In 1998, after a year of marriage, we decided to try to get pregnant. As a precautionary measure, we wanted to investigate again what other doctors were saying then about lithium and pregnancy. We wanted a second opinion. We made an appointment with a doctor at Massachusetts General. (We were then living in Rhode Island.)

Steve took a day off, and we drove to Massachusetts General, where this doctor kindly informed us that I could stay on lithium for the duration of my pregnancy. They had discovered that lithium was not as harmful to fetuses as they once thought.

Well, this brought get relief to me. We went home, and that night we had unprotected sex.

Flash to five years later. It’s 2002. We’ve moved back to Ohio. My current psychiatrist is on board with the idea that the risk with lithium and pregnancy is fairly low and lower than the risk of not taking lithium. But I can’t get pregnant. We are advised to see a fertility doctor.

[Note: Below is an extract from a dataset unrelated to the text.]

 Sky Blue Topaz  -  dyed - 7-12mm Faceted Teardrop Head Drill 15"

 We found doctors we liked in Cleveland. It was a little drive, but we clicked with one doctor in particular, the head of the practice. This head doctor met with us and told us his feelings about lithium and pregnancy. He told us exactly what the doctor in Massachusetts and my current psychiatrist had told us. Lithium was relatively safe for pregnancy.

We were both tested for infertility. They couldn’t find anything wrong with either of us. So they started to do artificial inseminations.

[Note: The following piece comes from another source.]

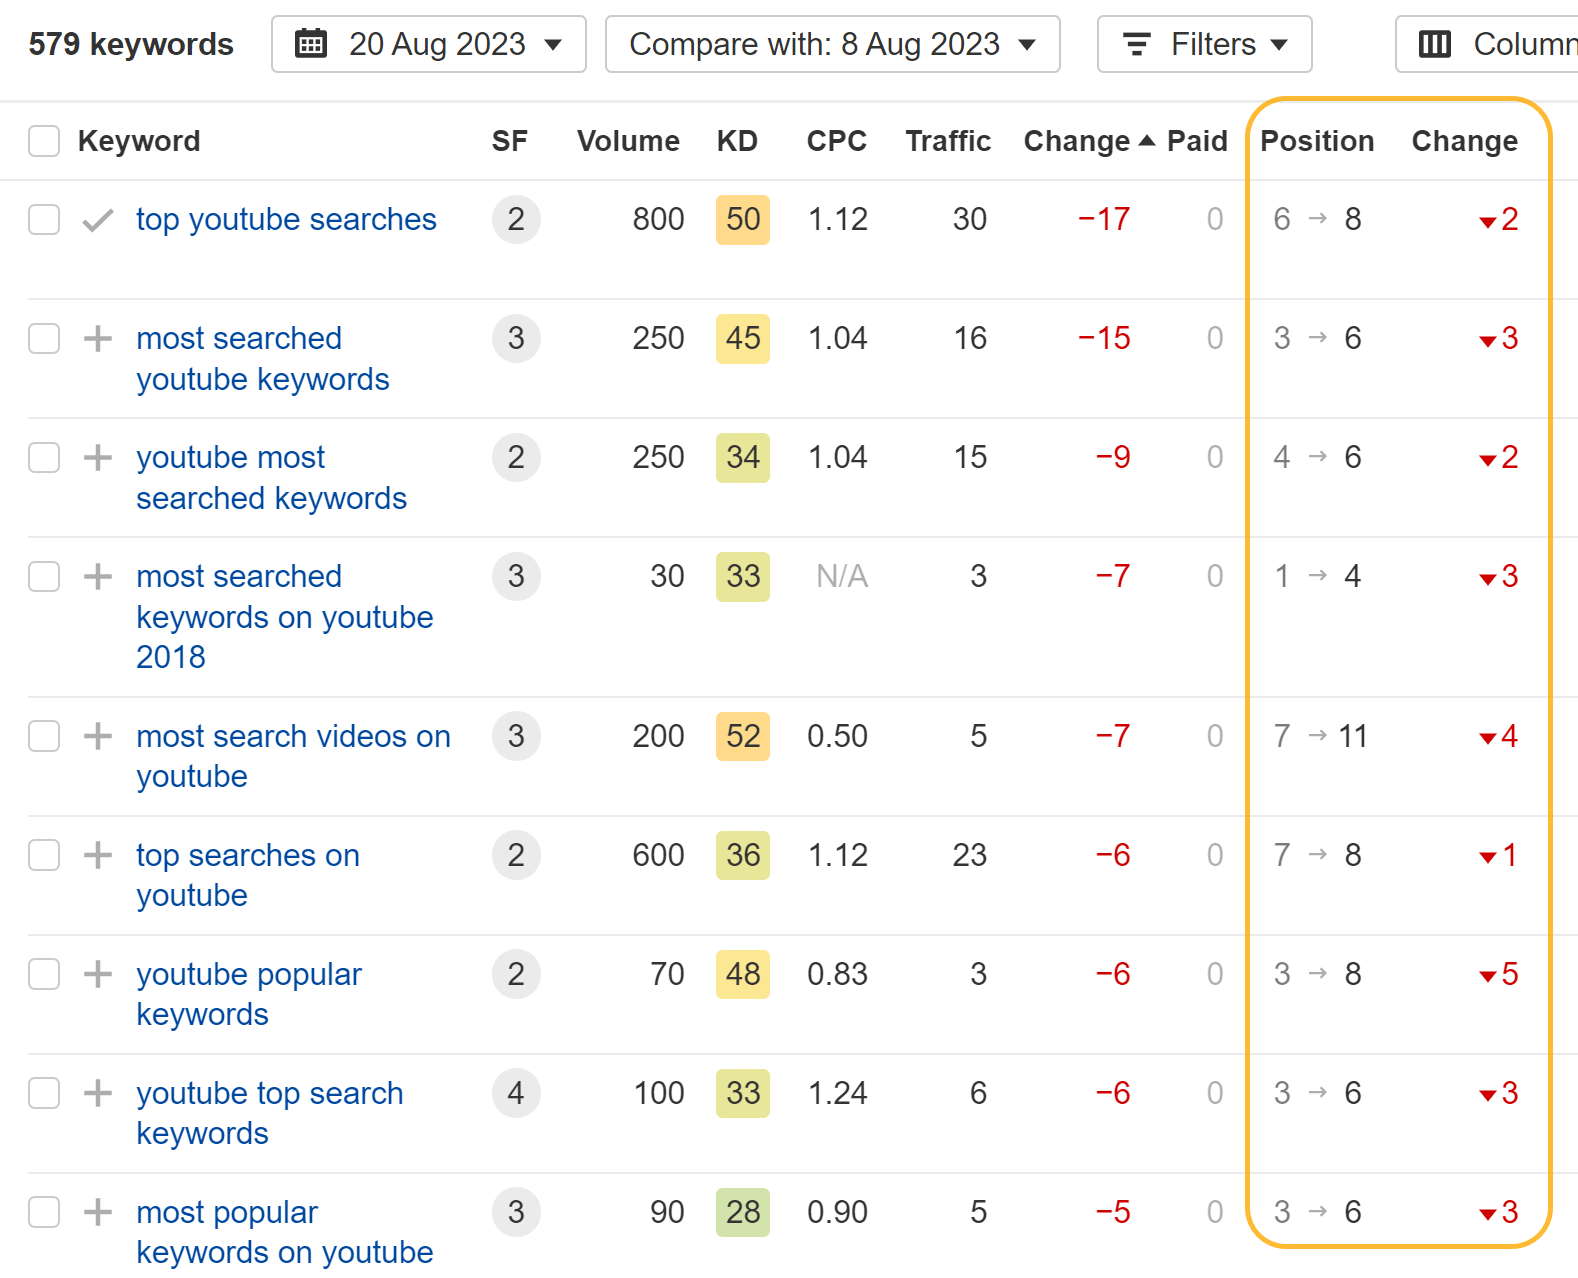 Impact on rankings on our "top YouTube searches" page from removing the content. Ahrefs' data

These soon became quite a pain. They didn’t work. And they had to be done early in the morning due to our work schedules.

One insemination session was particularly awful. I was seeing one of the partners of the practice. I literally had my feet in the stirrups, naked from the waist down, and was waiting to be artificially inseminated by the doctor. Well, I guess this guy read my chart and saw I was bipolar and was taking lithium. He yelled "Stop!" Then he said, "I can't inseminate you. You're on Lithium."

"Wait!" I yelled back. It was all quite melodramatic. "It's OK," I pleaded, wrapped up in my paper blanket, still naked. "They’ve found that it’s not as dangerous as they thought."

 "I'm sorry. You're going to have to leave. I can’t inseminate you."

 I was traumatized, to say the least.

The next day, after he looked into it and realized that he'd been wrong, I got a mild apology from the head doctor. He said that his partner only had our best interests at heart, no pun intended. The offending doctor said nothing.

What I learned from this experience is that some doctors have heard that lithium is now considered relatively safe for pregnancy, and some haven’t.

Ultimately, it didn’t matter to me because I couldn’t get pregnant. We chose not to do in vitro and chose instead to adopt. We’re now the parents of a gorgeous little boy.

Yes, I still take my Lithium.

This experience taught me to get a second opinion and that some medical news travels slowly.